> **Task directions**: Everything in the listing should be copied exactly, save for the pictures.

> **Provided data**:
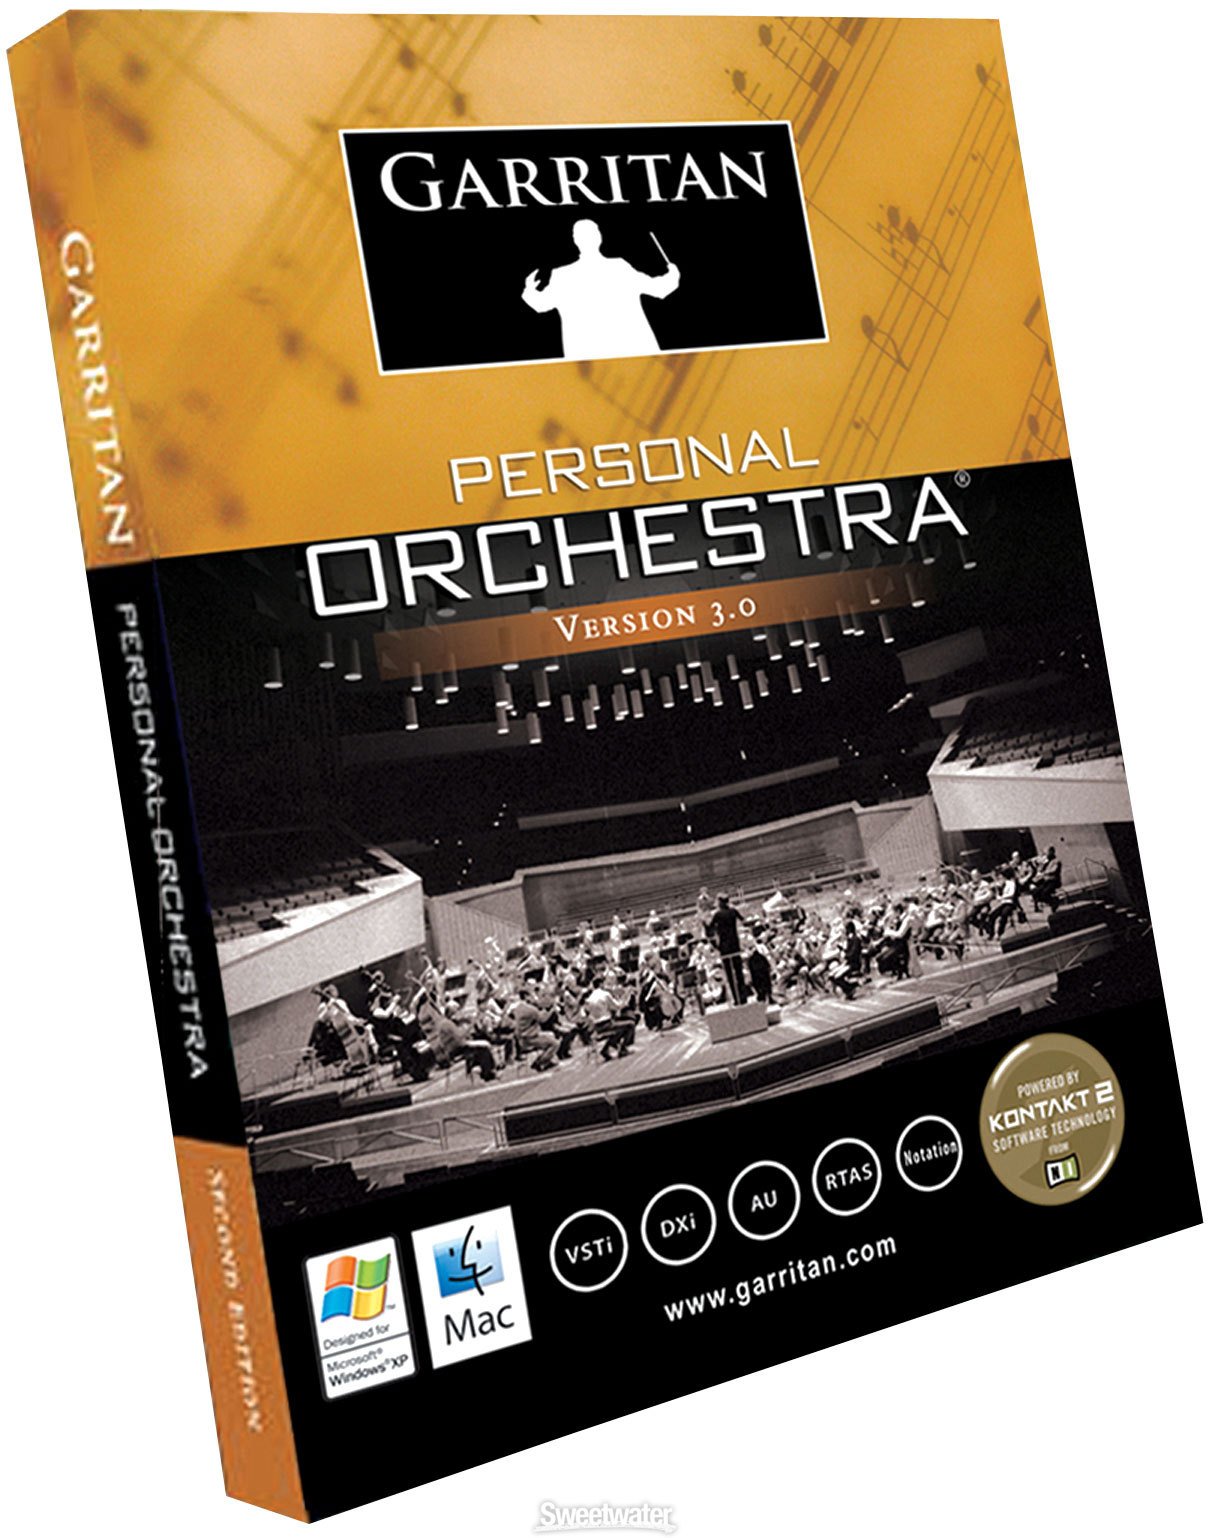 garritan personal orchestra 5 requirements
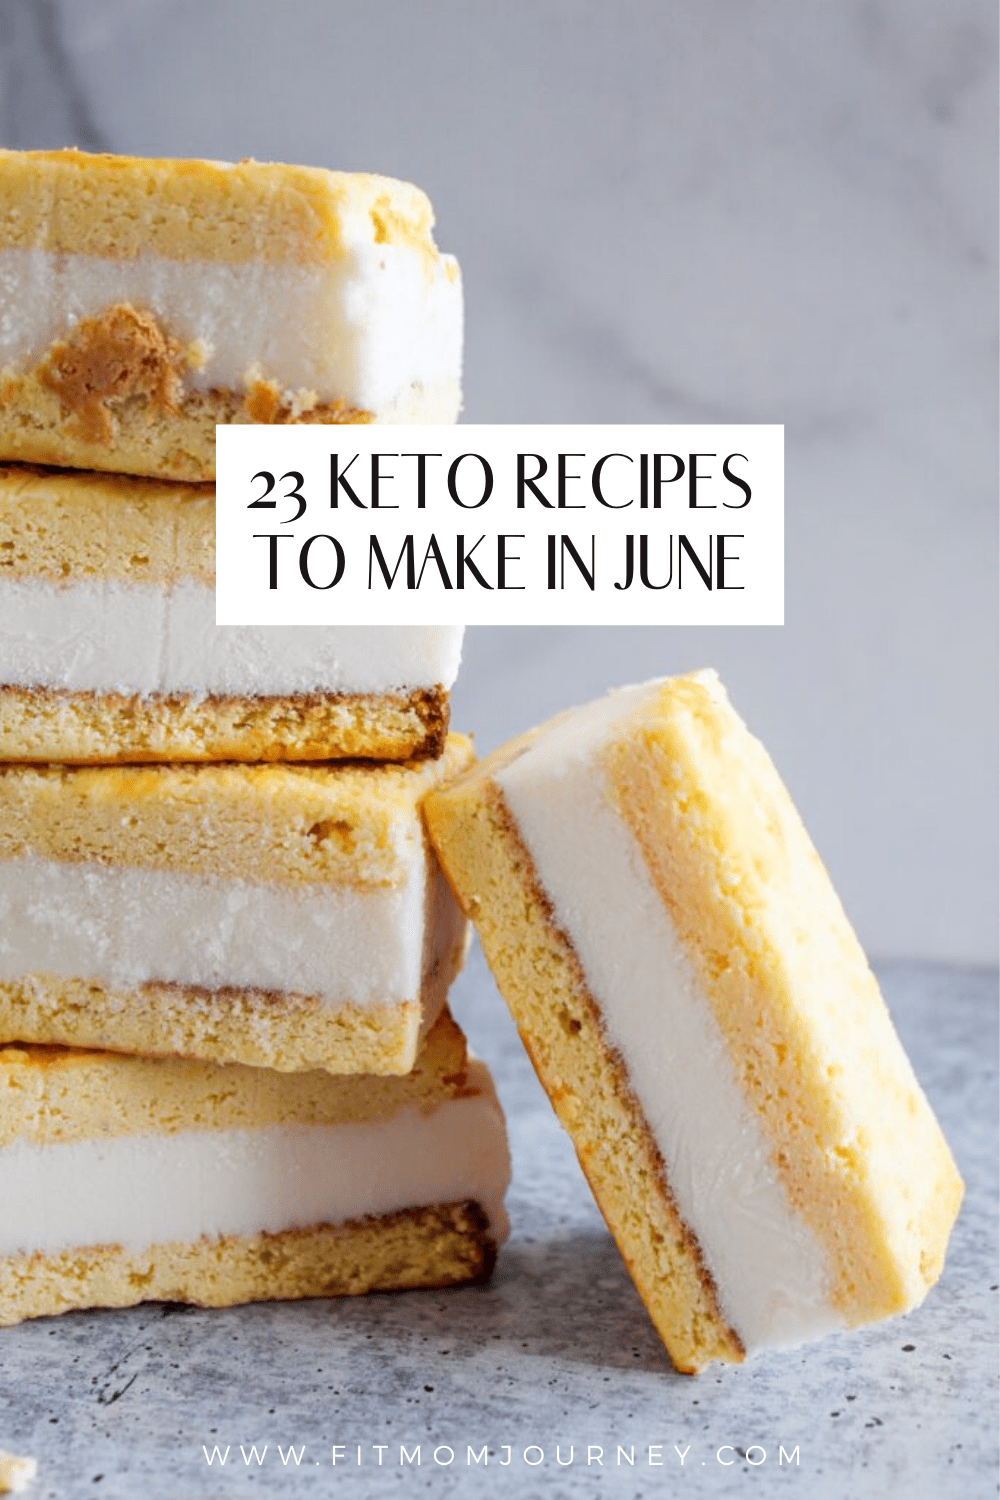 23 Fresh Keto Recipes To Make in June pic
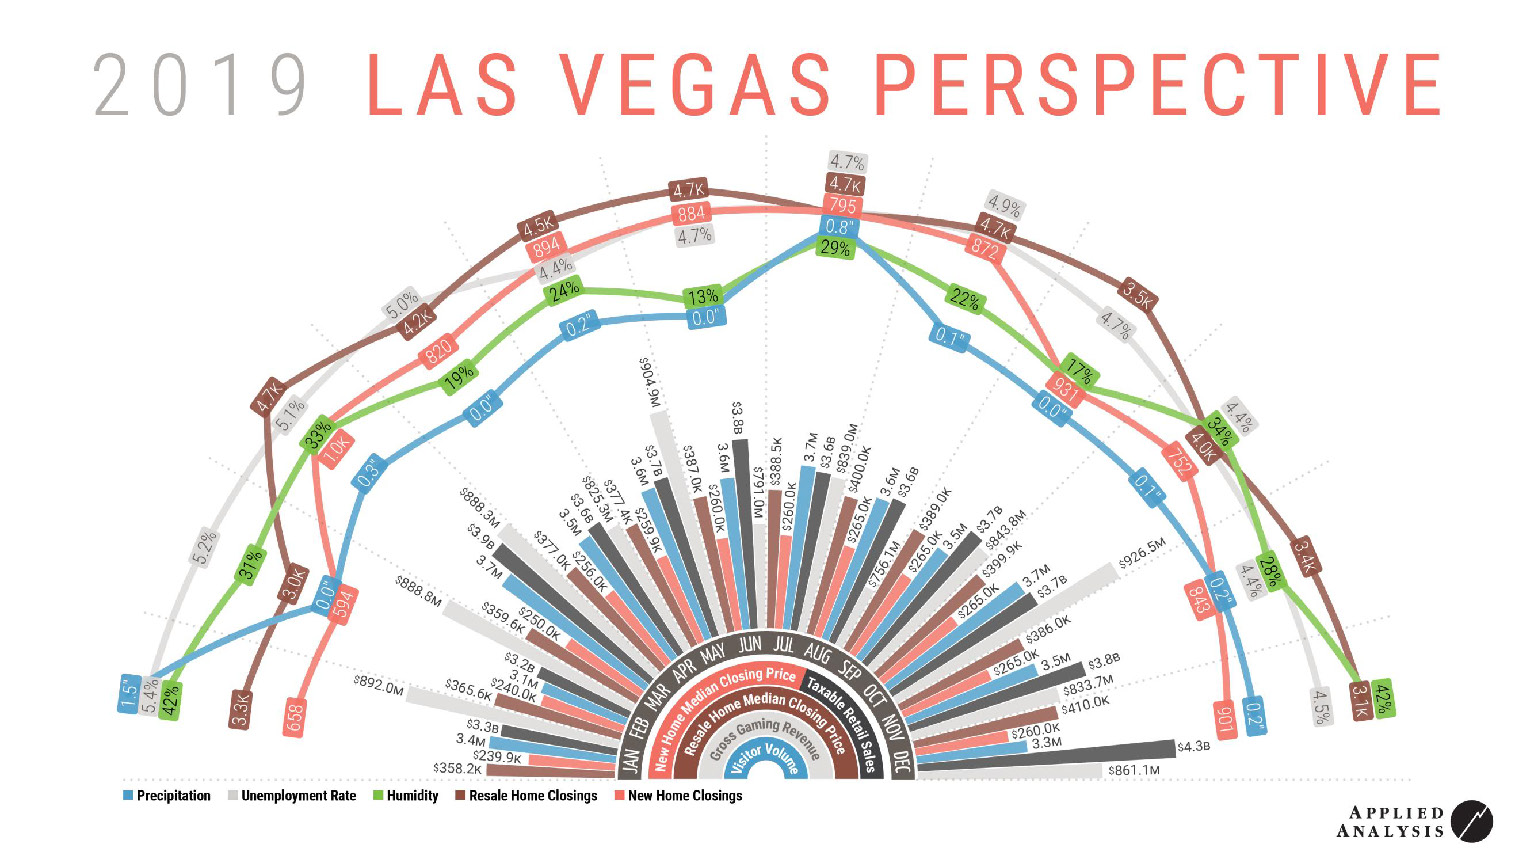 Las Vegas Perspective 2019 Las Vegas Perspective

> **Task answer**:
 garritan personal orchestra 5 requirements
 23 Fresh Keto Recipes To Make in June pic
 Las Vegas Perspective 2019 Las Vegas Perspective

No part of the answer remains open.